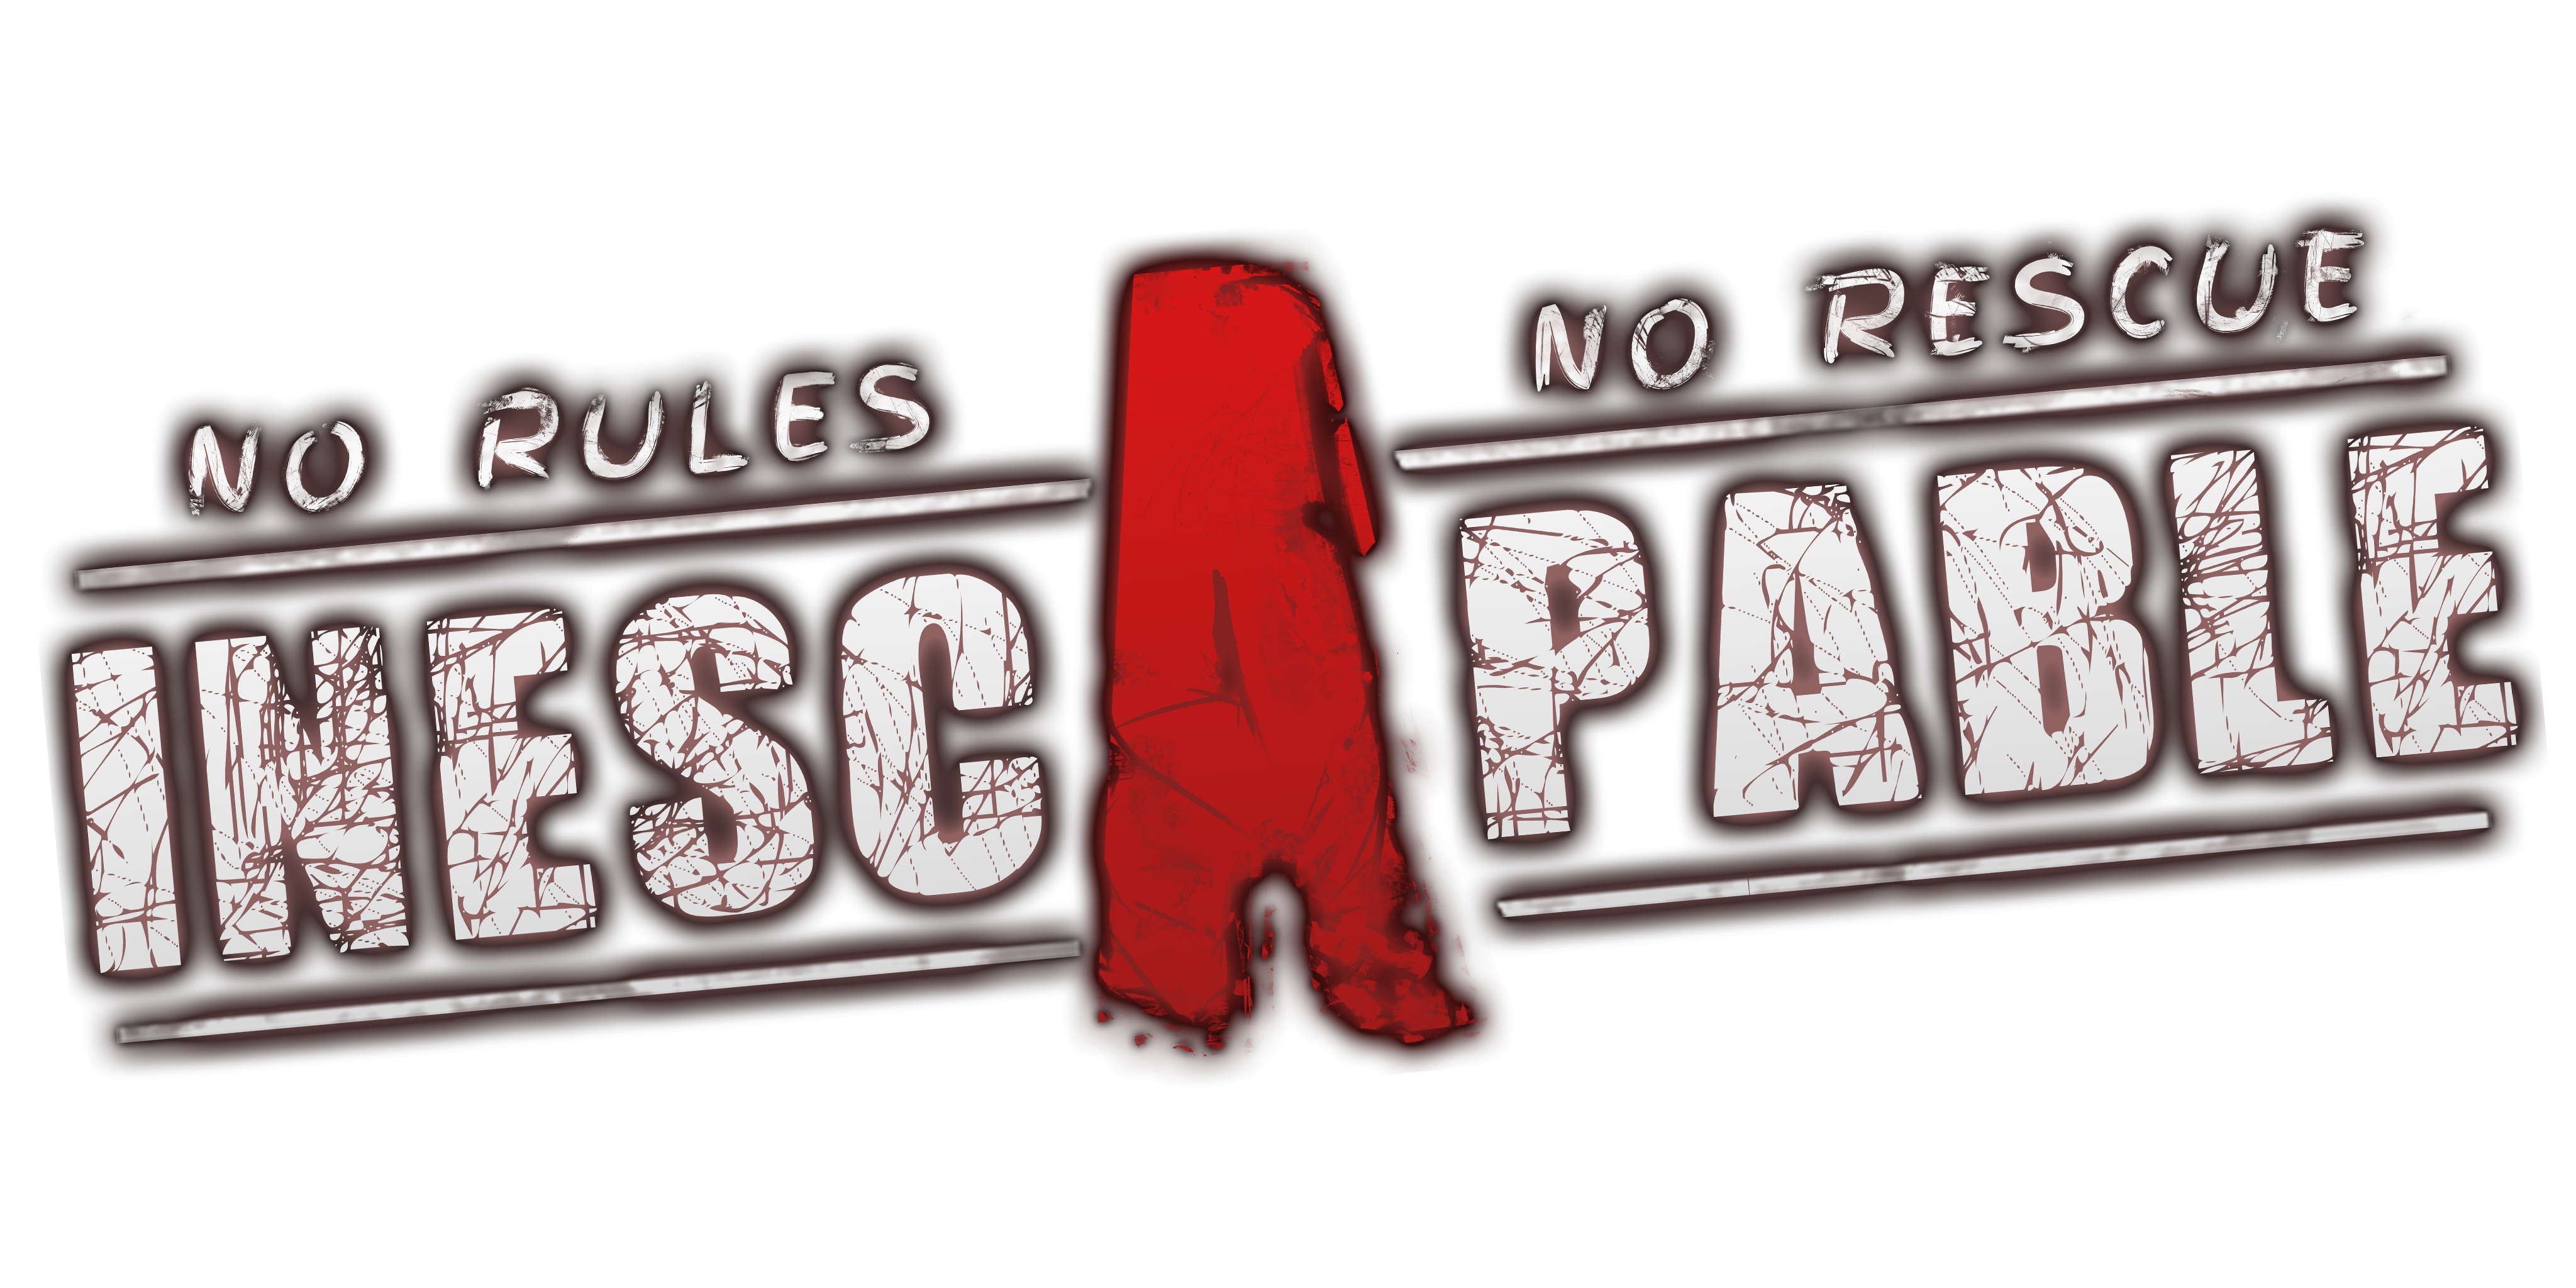 qhb-S2h- "Inescapable: No Rules, No Rescue" Available Now!
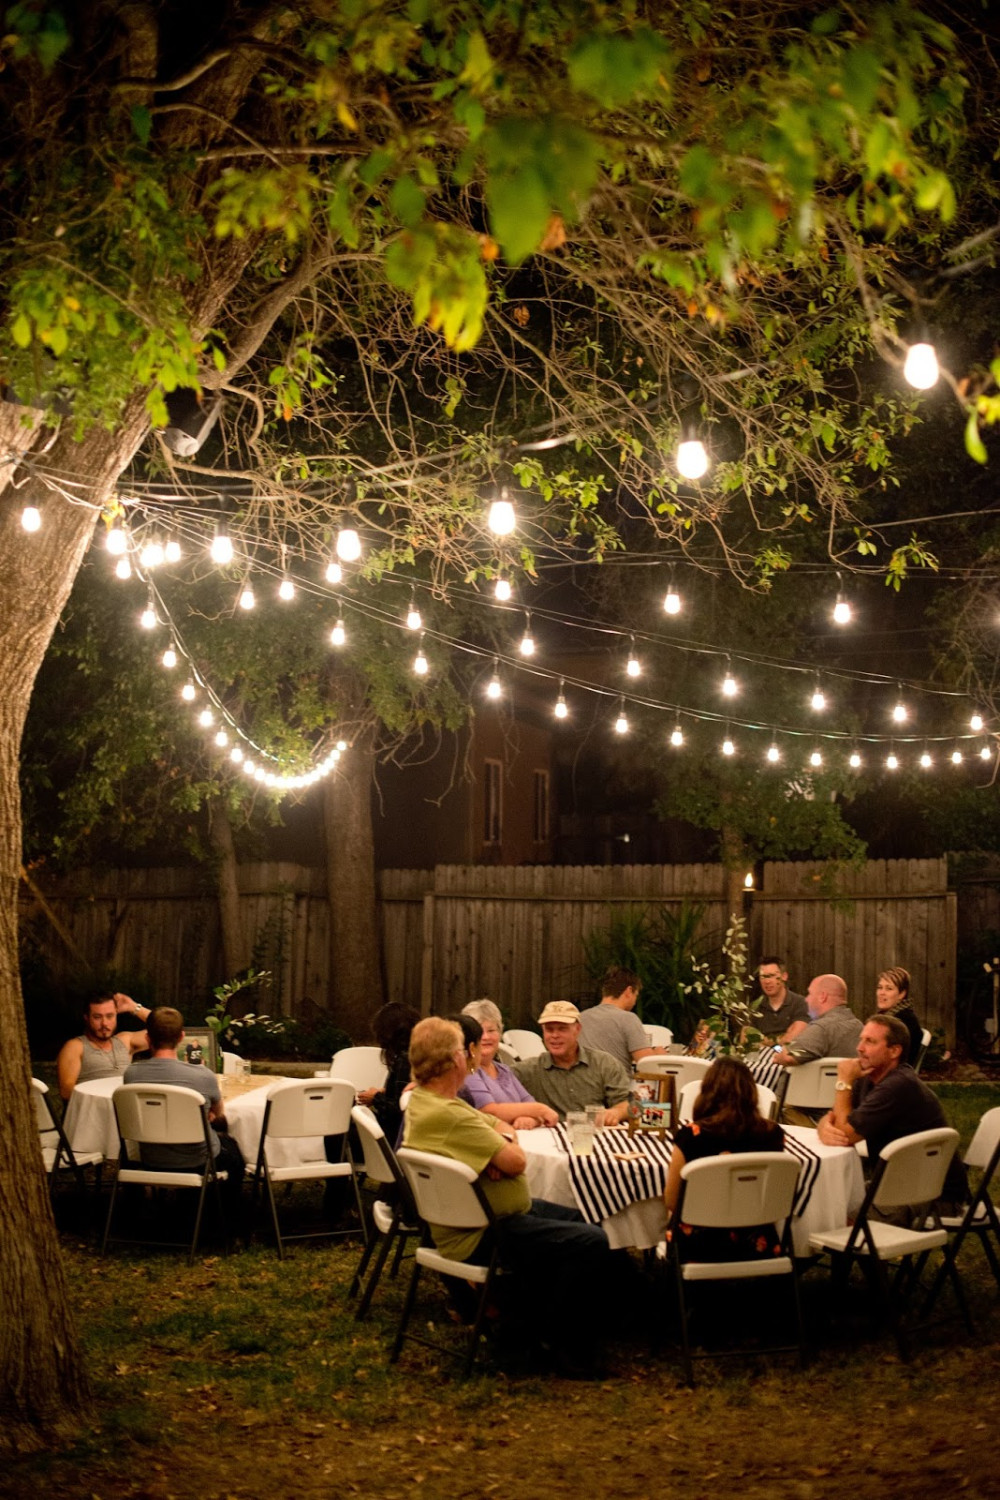 Domestic Fashionista: Backyard Birthday Party: For the Guy in Your
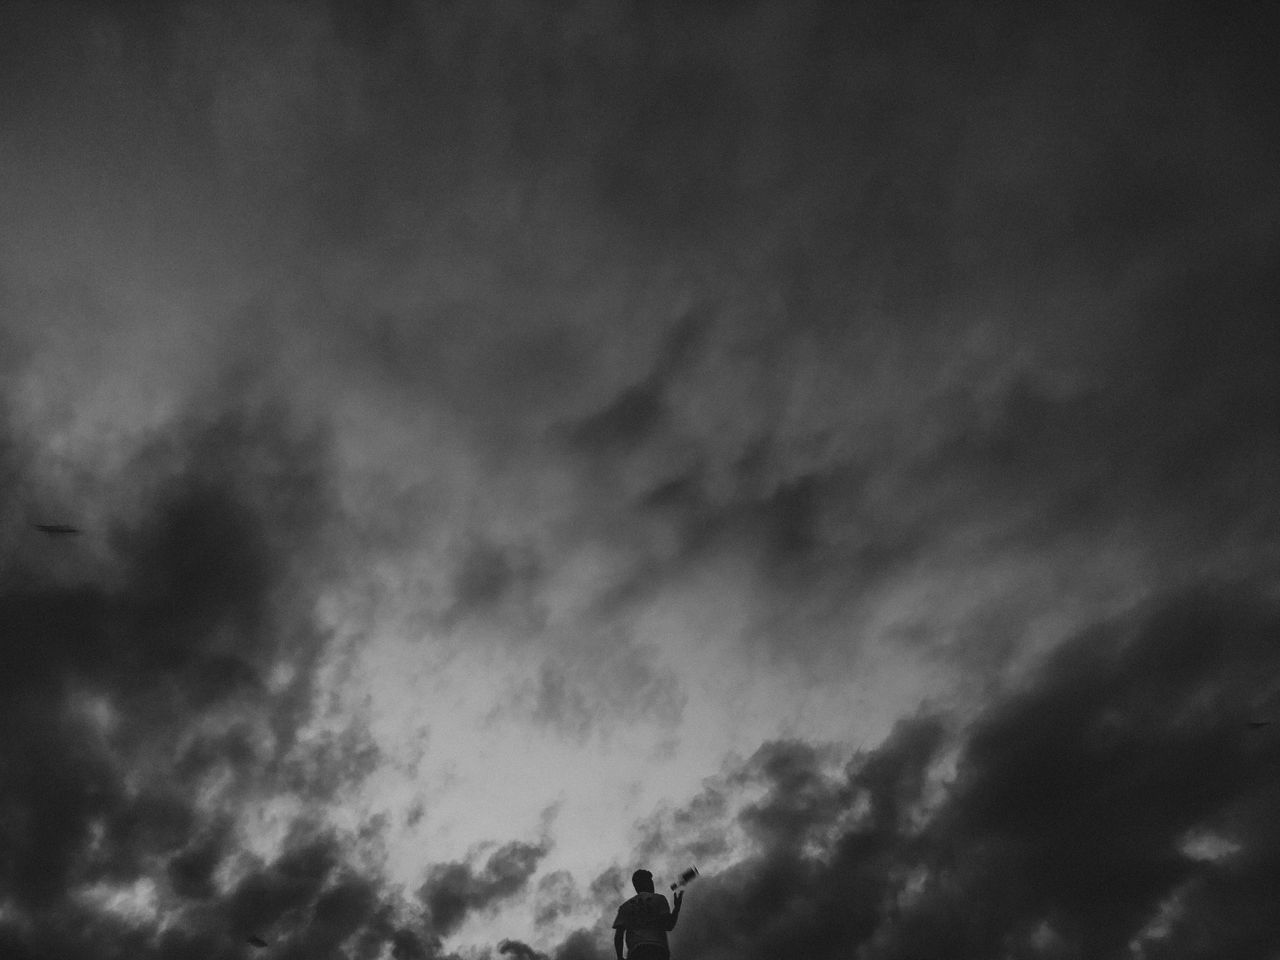 sky, cloud, darkness, black and white, monochrome, silhouette, monochrome photography, nature, storm, low angle view, beauty in nature, outdoors, overcast, thunder, dramatic sky, environment, storm cloud, cloudscape, dark, scenics - nature

> Exercise:
Once you have returned the line containing "Domestic Fashionista: Backyard", stop; begin at the first line of the material, keep each line exact, and skip the pictures.

> Response to the task:
 qhb-S2h- "Inescapable: No Rules, No Rescue" Available Now!
 Domestic Fashionista: Backyard Birthday Party: For the Guy in Your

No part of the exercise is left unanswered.